Грейс неохотно рассмеялась.
— Он вот так и сказал, что поступил, как герой.
— А ведь так и есть, — заметила Мишель. — Но сегодня вы будете вдвоем, и ему не надо так себя вести. Он должен вести себя по-мужски, и ты его точно заслуживаешь.
— Но он меня оставит.
— Ты не знаешь наверняка. И даже если и так, кому есть до этого дело? Живи сегодняшним днем, хотя бы раз.
— Но что, если…
— Нет, — решительно сказала Мишель. — Никаких «если». Просто сделай это. Хоть раз сделай что-то для себя. Воспользуйся представившейся возможностью, побрей ноги.
Грейс улыбнулась.
— Ладно, сделаю это хотя бы раз. Она потянулась, медленно просыпаясь. В комнате было темно. Посмотрев на часы, девушка поняла, что проспала весь день, и сейчас 8 часов вечера. У нее болела рана. И поэтому, чувствуя себя очень усталой и ослабевшей, впервые за десять лет Грейс позволила остальным заниматься делами, а сама отправилась спать.
Итан перед уходом сделал звонок и сообщил, что скоро прибудет грузовик, чтобы отвезти всё оружие на хранение в Биг Сайпресс. Тайни и Сэм придумали, как убрать все нововведения, сделанные «театральной труппой», и оставить форт в первозданном виде, чтобы не причинить никакого вреда историческому строению.
Кровь впиталась в землю, а пятна, оставшиеся на цементе, вполне подходили истории форта.
Попрощавшись со всеми, Мишель села в вертолет на место пассажира так, словно летала в них всю жизнь, а не впервые, как призналась Грейс прямо перед взлетом. Она замечательно проведет время, у Мишель это отлично получалось. Если бы только она могла научить Грейс таинственному способу не воспринимать мир, войну и себя слишком серьезно.
Если бы только.
И Алексиос… ну, он был везде. Присматривал за ней, следил, чтобы она не слишком напрягалась. Иногда заставал ее врасплох вспышками страсти в глазах, говорящими о том, что он помнил всё сказанное и сделанное ею в то утро.
Впервые она не испытывала стыда.
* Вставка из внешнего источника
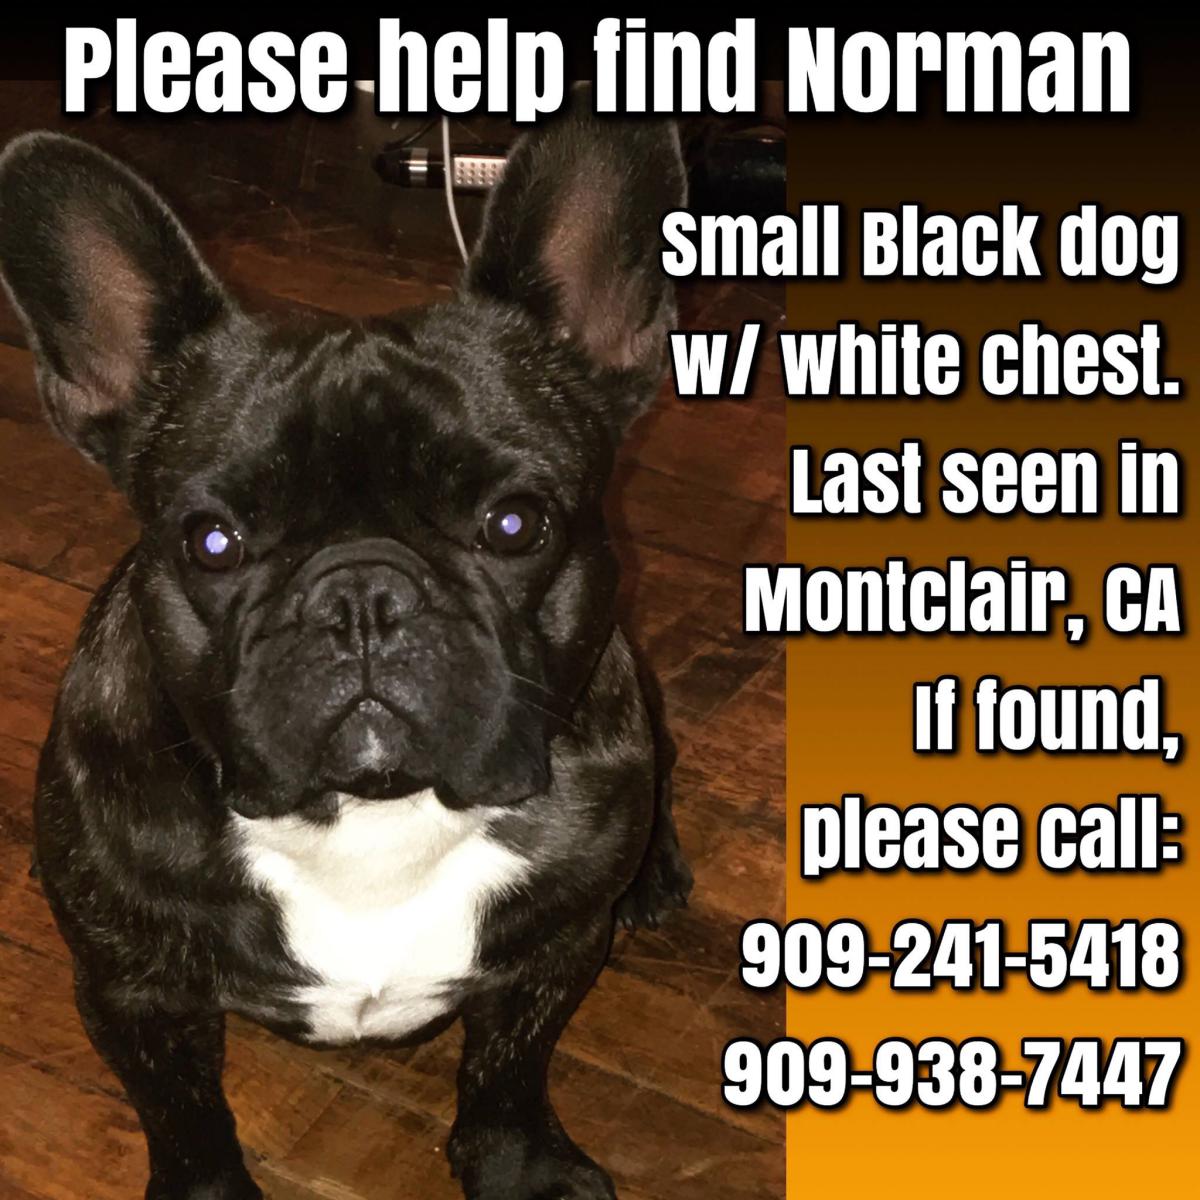 Image of Norman, Lost Dog

Наоборот, она снова потянулась в тепле простыней и позволила себе почувствовать… предвкушение.
Замечательное, трепетное предвкушение.
Ее соски напряглись при одной мысли о нем, а тело стало теплым, готовым для него. У нее было желание и мотив. Есть кровать, и Грейс была готова.
Вот только осталось найти атлантийца.
Ее атлантийца. Интересно, откуда пришло это чувство собственности, но она всё равно позволила себе наслаждаться им. Холить его, как обычно лелеешь драгоценность, которую одолжил у настоящего друга. Ее придется отдать, со временем, но пока…
Ее атлантиец. Если бы это было правдой.
Нет. Сейчас не время для отрицаний и уныния. Она сбросила покрывало и, одевшись, надев ботинки и куртку, отправилась искать Алексиоса.
Глава 22
Алексиос парил над неспокойным кружевом пенистых волн, наслаждаясь полной свободой полета в виде сияющего тумана, поднимаясь всё выше и выше в ночное небо. Подальше от ответственности и обязанности. Подальше от всех людей, которым он был необходим, и одного человека, которому он был не нужен.
Он четко повторил воинскую клятву, выжженную в его разуме от постоянного повторения в юные годы, когда он учился в Академии.
Мы будем ждать. И наблюдать. И защищать.
И служить первым предупреждением накануне уничтожения человечества.
Тогда и только тогда, Атлантида поднимется вновь.
Потому что мы — Воины Посейдона, и символ Трезубца, которым мы отмечены, является свидетельством нашей святой обязанности защищать человечество.
Это была святая обязанность Алексиоса. Всю свою жизнь он ждал, наблюдал, защищал. Он устал ждать, устал наблюдать.
Наконец, он нашел ту единственную женщину, которую на самом деле хотел защищать.
Имеет ли это значение?
Чувствуя досаду на самого себя, Алексиос опустился к поверхности океана и вовремя обратившись, оказался в воде. Он не был готов, что от холода у него перехватит дыхание. Он плыл, чувствуя, как ледяные объятия тушат желание, которое все усиливалось в нем с самого утра.
Грейс. То, что он увидел ее дикость, хоть та и была вызвана искусственно, пробудило в нем что-то, что нельзя было остановить, задавить, отрицать.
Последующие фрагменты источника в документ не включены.